Captain Duncan and His Coffin

Captain Duncan and His Coffin

Omanuka, that pretty little spot just to the north of Anaura Bay, was, in the 1860's, chosen for his home by a sterling old seafarer of Scottish descent named Captain Archibald Duncan. Born in 1802, he had served in the Liverpool-North American trade. Migrating to New Zealand, he had charge of various vessels on the Auckland-Napier run. With the consent of Pita, an Anaura chief, he built a very comfortable, wood-lined whare with a thatched roof. It also served as a lodging-house for benighted Maori and pakeha travellers. One end, which was used as living quarters by his wife and himself, resembled a ship's cabin. He was never to be seen without his pea jacket and sea cap. Unfailingly, also, he read a chapter of his Bible every night and, before retiring, had a tot of rum.

It was a sad day for the old sea salt when Jean, his devoted Scottish wife, passed on. In order that she might still be near him, he buried her in a coffin made with his own hands in his very tidy little garden at the back of his home. As the lonely years crawled by, the old chap became uneasy on account of a belief that when, in turn, his end came, he might be buried only in a flax mat. So he built himself a coffin and rested content when his native neighbours assured him that, when he died, they would put his body in it and inter it beside that of his wife.

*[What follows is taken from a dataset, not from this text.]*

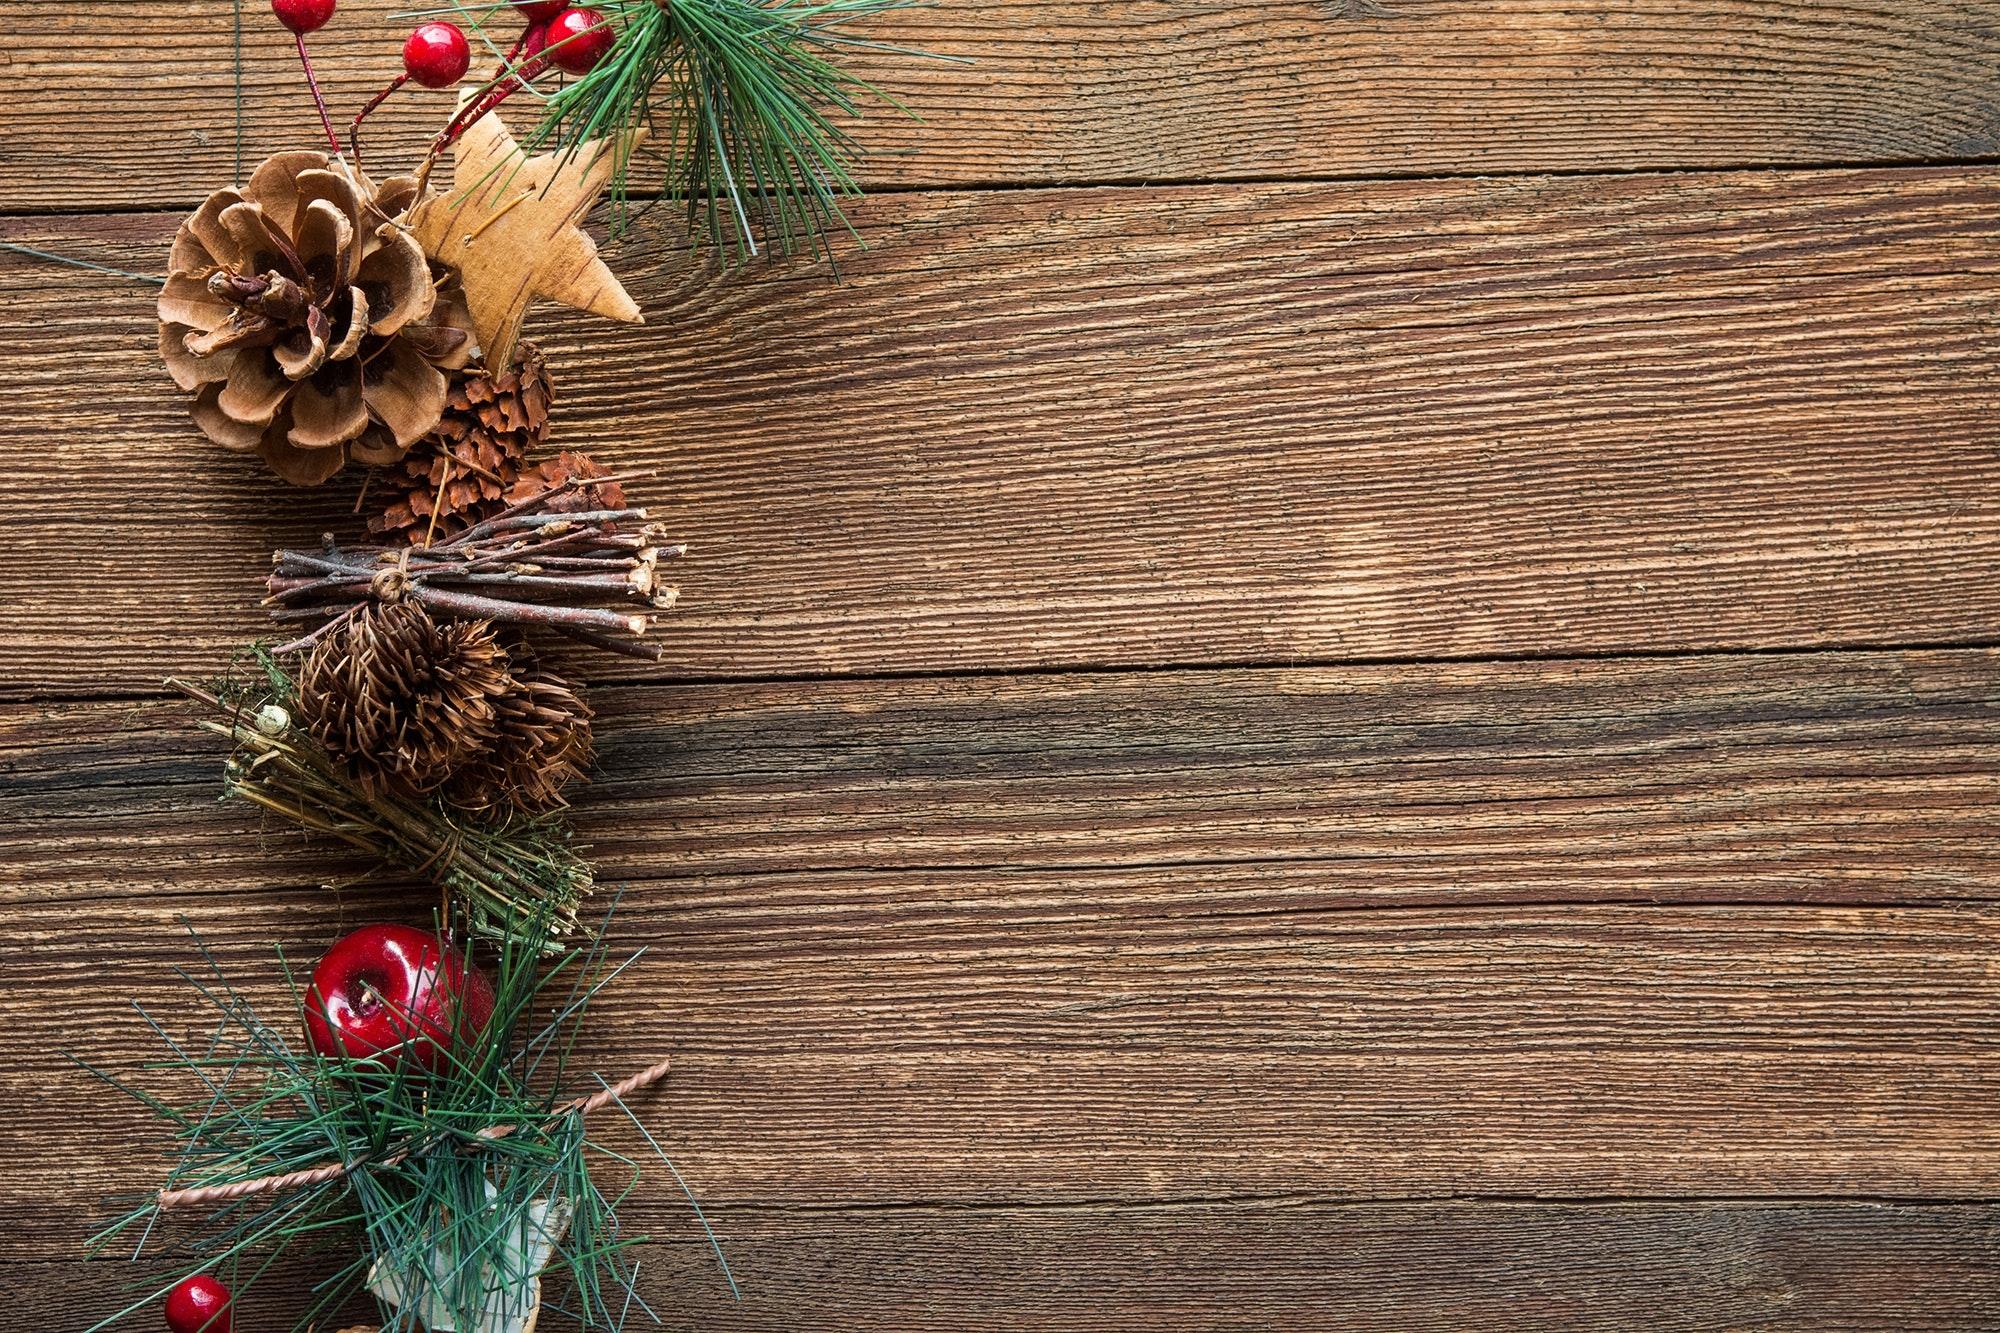 Most Inspiring Wallpaper Christmas Wood - pexels-photo-220098  HD_137255 .jpg\u0026fm\u003djpg

But, after all, poor old Captain Duncan never occupied his home-made coffin and his remains were not interred in the picturesque spot at Anaura which he loved so much. In 1876 the superstitious natives of Anaura held that their white neighbour, by the exercise of witchcraft, had been responsible for the death of the old chief Pita, and they threatened to take his life. These were the people who had beggared him in bygone years by neglecting to pay him what they owed him. A subscription list went the rounds of Poverty Bay on behalf of the worthy old fellow and met with a ready response. When it was found that there was no accommodation available for him at the Indigents' Home at Auckland, W. L. Williams very kindly provided him with a suitable home, with a little garden, at Napier.